Чем еще больнее уколешь девятнадцатилетнего парня? Кузнецов остался. Бросил на пол пальто, улегся спать. Сечкин вызвался дежурить. Предупредил, что бодрствовать будет два часа, потом разбудит на смену себе следующего. Сморенные ночными треволнениями, дружинники крепко уснули.
Кузнецов спал всегда без сновидений, как убитый: на какой бок лег, с такого и поднялся. Но в эту каторжную ночь даже ему сон приснился. И скверненький, надо признаться, сон. Вроде голова его замурована в каменной стене, а кто-то сидит на нем верхом и держит за руки. «Приснится же чертовщина такая! — подумал Кузнецов, просыпаясь и явно чувствуя, что на нем-таки кто-то сидит. — Вот сукины дети, забавляются… — подумал он о товарищах. — На дворе день, будят на собрание».
Шевельнулся, забормотал сердито:
— Хватит, не балуй! Брось, говорю, баловать-то!

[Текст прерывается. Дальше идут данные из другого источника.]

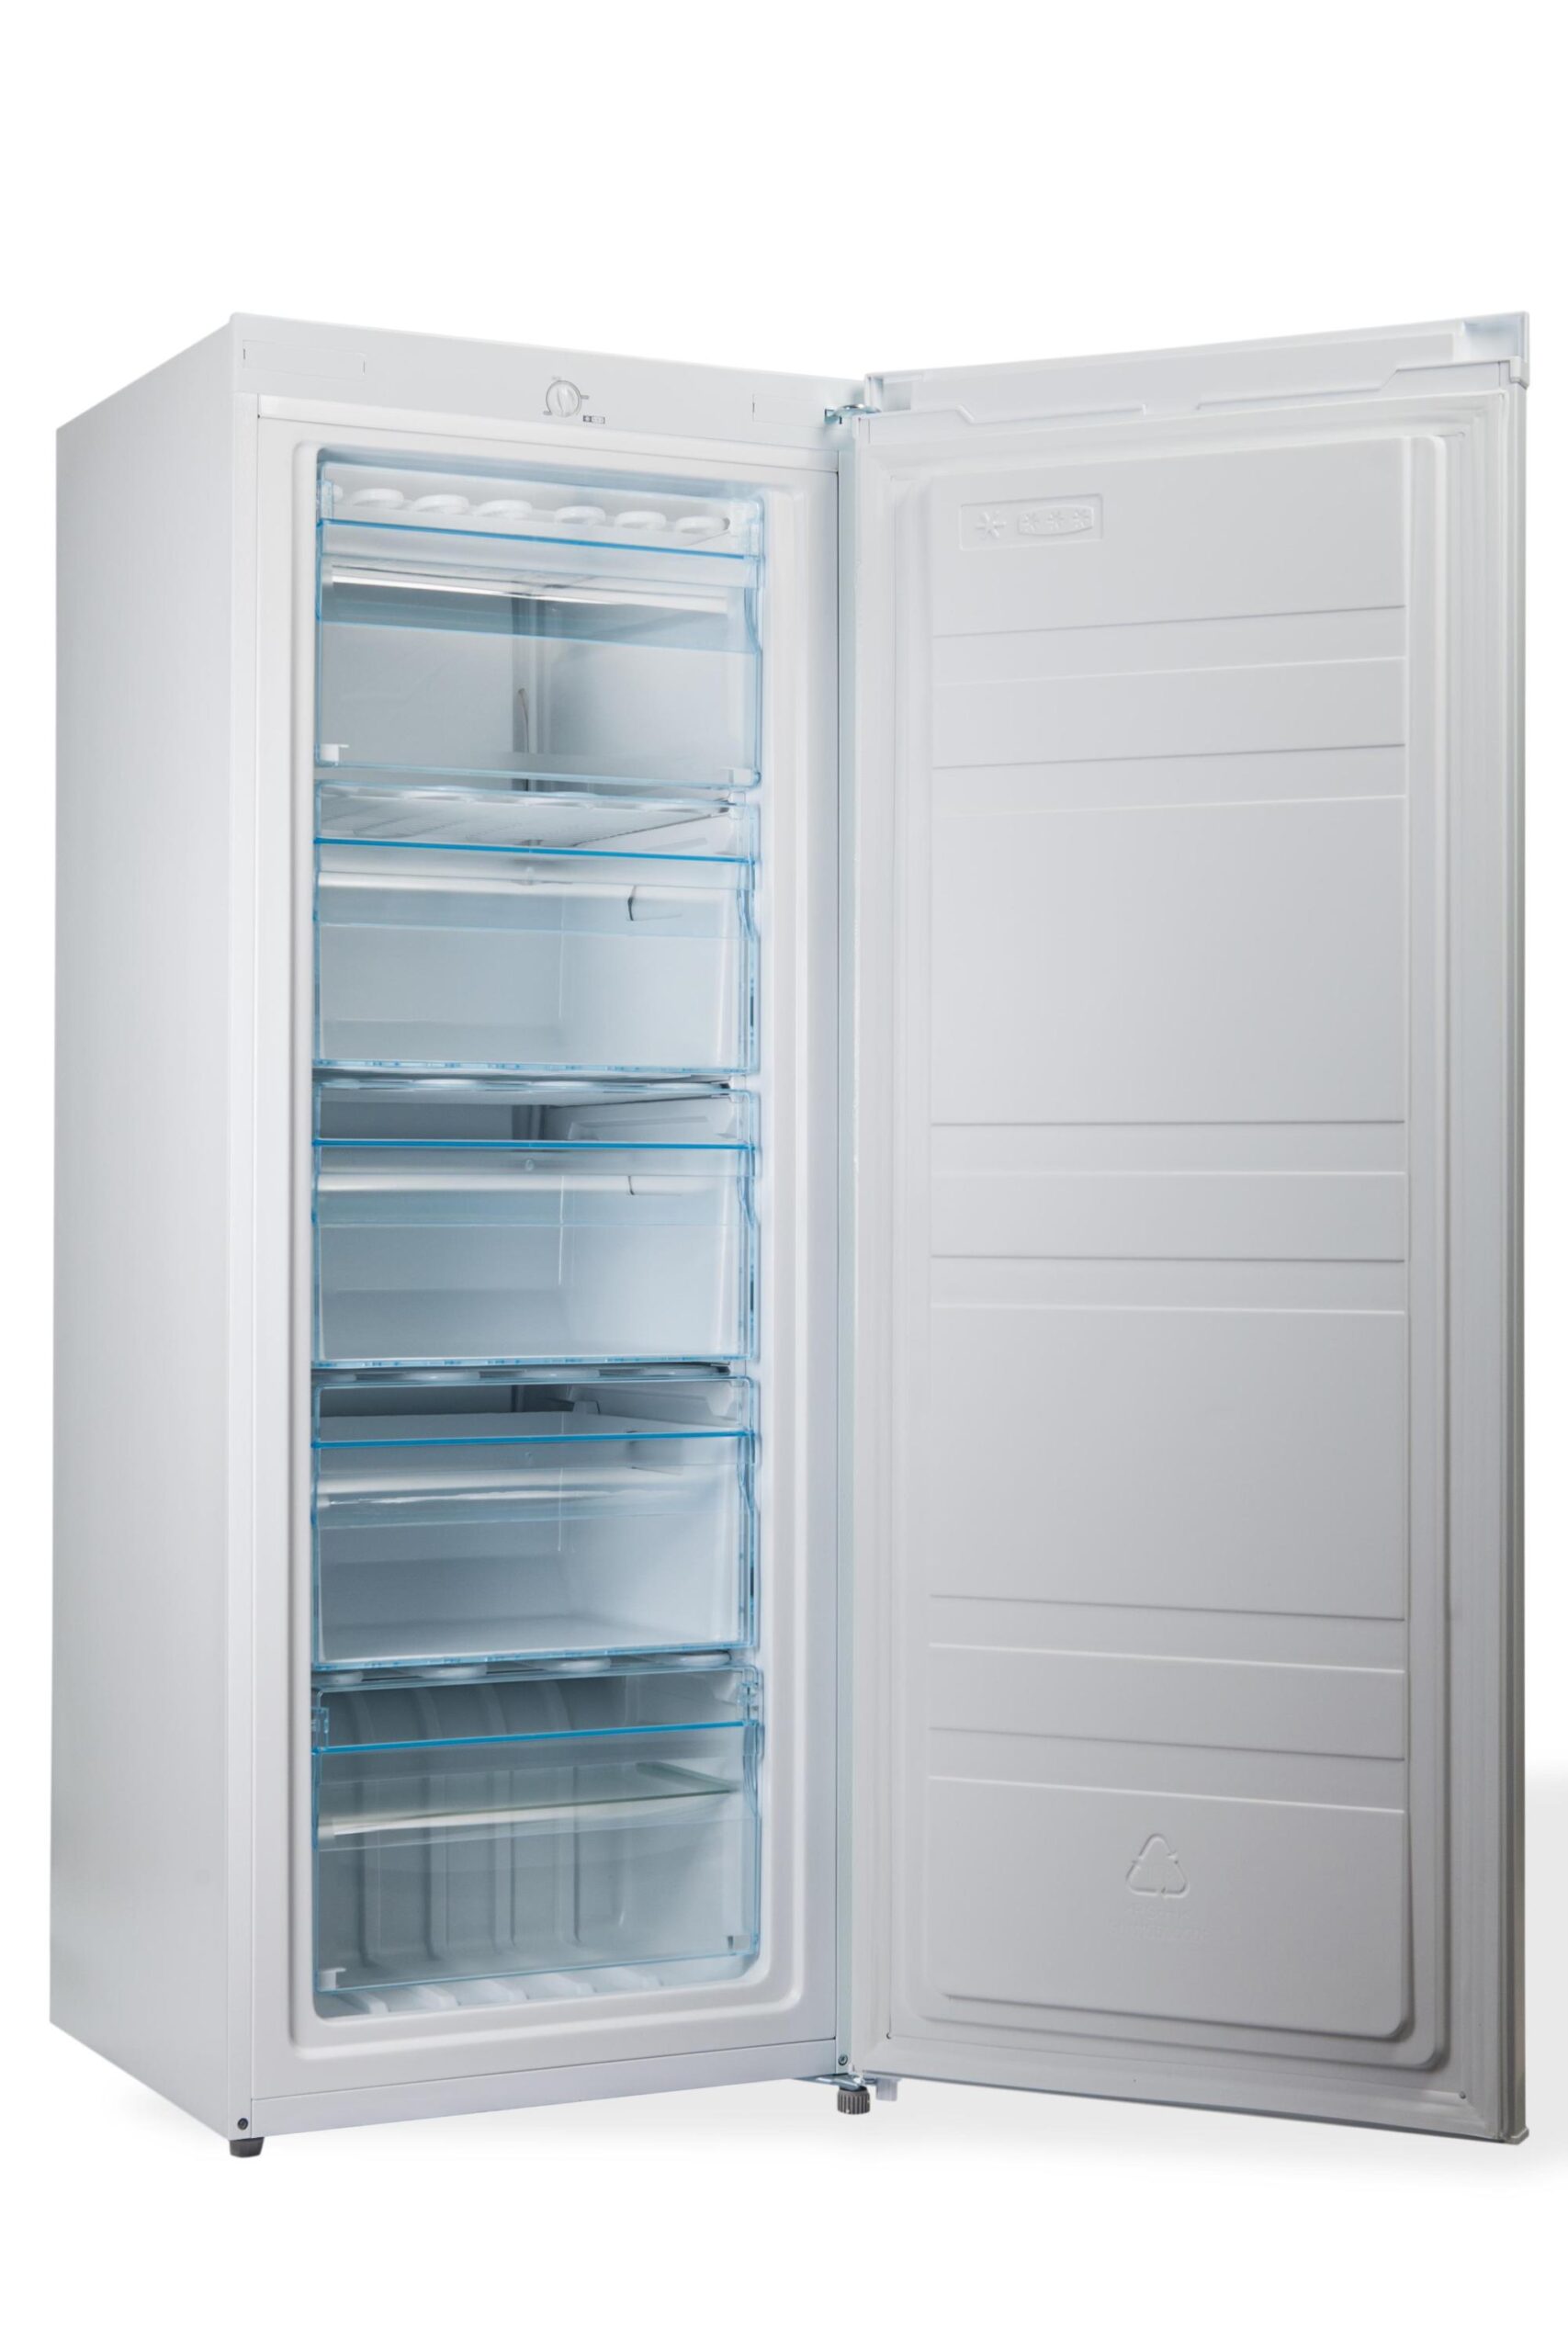 PremierTech PT-FR153 Congelatore Verticale Freezer 160 litri -24°gradi Classe E 4**** Stelle 3 Cassetti e 2 Sportelli

Открыл глаза и вздрогнул всем телом: на нем верхом сидел здоровенный мордастый жандарм, прижав ручищами его кисти, и таращил покрасневшие от натуги глаза. Кузнецов вскрикнул, рванулся, но не тут-то! Забунтовал, заметался. Слезы злости и бессилия выступили на глазах. Оглянулся — и сердце его упало: все товарищи, связанные, лежали на полу. Не было видно лишь шустрого солдата-запасника. Кузнецов понял все. Сомкнул глаза и перестал сопротивляться.
Арестованных перегнали в другую половину дома, и начался тщательный обыск. Из подземелья вытаскивали оборудование мастерской взрывчатки, бомбы, винтовки, револьверы, паспорта, устав дружины и самое страшное — нелегальные явки по губернии.
Это был полный провал.
…Уже рассветало, когда изнуренный ночным бдением Евдоким прибрел на Казанскую улицу. Впереди происходила какая-то суета: не то кто-то уезжал и его провожали, не то похороны затеяли спозаранок. Люди в черном, похожие на факельщиков, сновали от двора до кареты посреди улицы, поддерживая кого-то под руки. И тут появился Шура Кузнецов: его вели со связанными за спиной руками. У Евдокима перехватило дыхание и ноги точно примерзли к мостовой. С трудом перешел на противоположную сторону улицы. В сумятице мыслей — одна, как острая молния: выручить друга! Выручить, как выручал других! Но как справиться одному с целой оравой жандармов? Ах, беда, беда! Позвать товарищей? Где Череп? Где Чиляк? Где Сашка Трагик? Где Фролов с его бомбами? Никого. Помочь нечем. И на месте стоять нельзя: жандармы уже смотрят в его сторону.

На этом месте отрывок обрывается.